# First tank



## metageologist (Jun 6, 2007)

well i got my fist fish tank at a lawn sale this past weekend, it's a 30 gallon tank i got every thing but a filter. im looking at a biowheel that is rated for a 70 gallon tank. is their such a thing as over filtration. 
the tank will have a java moss floor with some drift wood and black substrate taller palnats to be added later when i chose them. 
the fish im looking to house are tiger barbs blue emperor tetras or blue teras. plus some serpea tetas (and a pair of damason's cichlids possibly depending on compatibility). so my final question is does any one see any problems with my choice of tank occupants. the fish will be added after about 8 weeks giving the tank a chance to cycle and the plants a chance to grow 

thanks in advance


----------



## Chaos553 (Apr 2, 2007)

how much did you pay for the tank? im just interested, im not going to say something negative if its too pricey or anything . about the biowheel filtration, i really do not know too much on them, so i cant help you there, sorry =(. everything looks pretty compatible except for the cichlids. most cichlids should be kept with their same race, but there are many exceptions. id say keep to tetras, barbs, or something similar if its your first tank. good luck!


----------



## perryj1 (Jun 6, 2007)

I reccomend a Whisper Filter which can be bought at Petco.


----------



## fishiesrfriends (Oct 18, 2006)

Sounds good, but I don't think the cichlids would be cmaptible as I know a lot of cichlids like to be kept with other cichlids or by themselves. I think instead of tiger barbs, you could try pentazona barbs, they look very similar, but are less agressive, so you have less chance of them attacking other fish. Not sure about the filter though, sorry!


----------



## metageologist (Jun 6, 2007)

Chaos553 said:


> how much did you pay for the tank?
> 
> i got the tank with stand heater and hood for 35$
> 
> from what every one is saying i will probly drop the cichlids from the list and i will have to look up that other barb


----------



## bscman (Mar 23, 2007)

Tiger barbs can be a bit aggressive, especially towards smaller fish (tigers reach about 3").

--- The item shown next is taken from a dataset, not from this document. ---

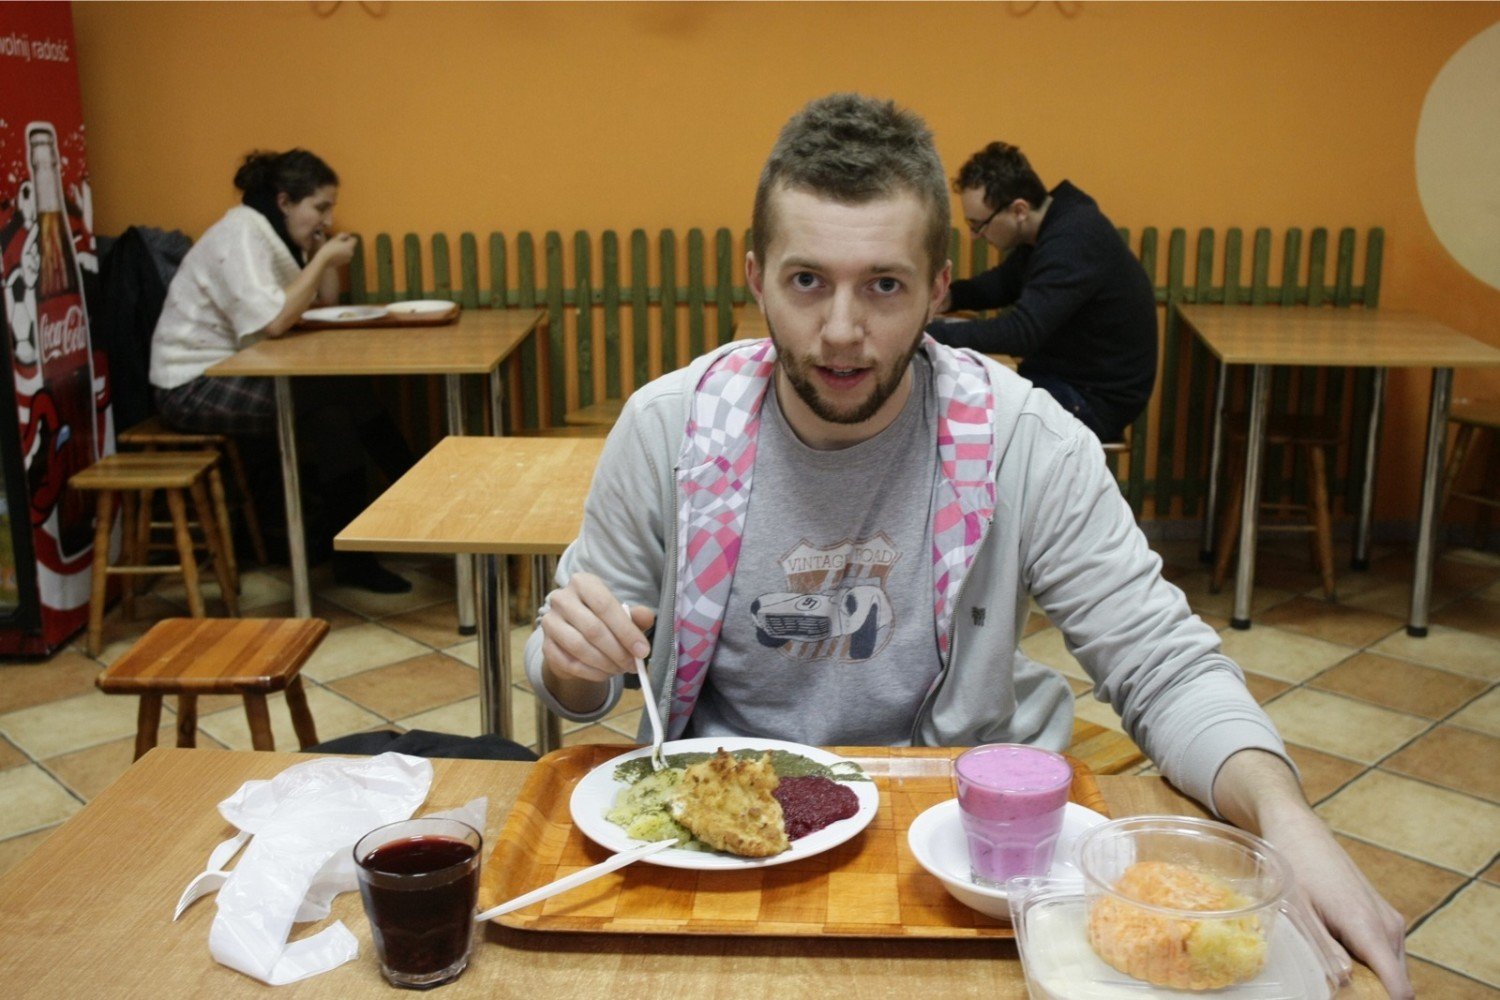 Tanie obiady dla studenta, Warszawa, czyli gdzie zjeść dobrze i tanio  [PRZEGLĄD] | Warszawa Nasze Miasto

Whatever you do, get at least 6 Tiger barbs as having extra company of the same kind will keep them busy enough they won't nip fins (as much).

Make sure you let the tank stand, full of water, to check for leaks.
I always re-seal used tanks...it's cheap (less than 5 bucks) and is great peace of mind.


----------



## Onepointeighty (May 12, 2007)

i have five barbs in my tank right now and they will be a bit aggresive until they establish there dominance, now they have calmed down alot, also you want to have an odd number so there is 1 leader for the rest of them

-vinny


----------



## Chaos553 (Apr 2, 2007)

thats a pretty good deal for those 3, i got my 38 gallon tank with the hood(and light), tank (obviously), stand, and backdrop for $50. i had to buy the rest, even though it wasnt that bad. my list of fish in that tank is in my sig. i would also recommend harliquin rasboras since they just look so good =P


----------



## Anonymous (Jan 15, 2005)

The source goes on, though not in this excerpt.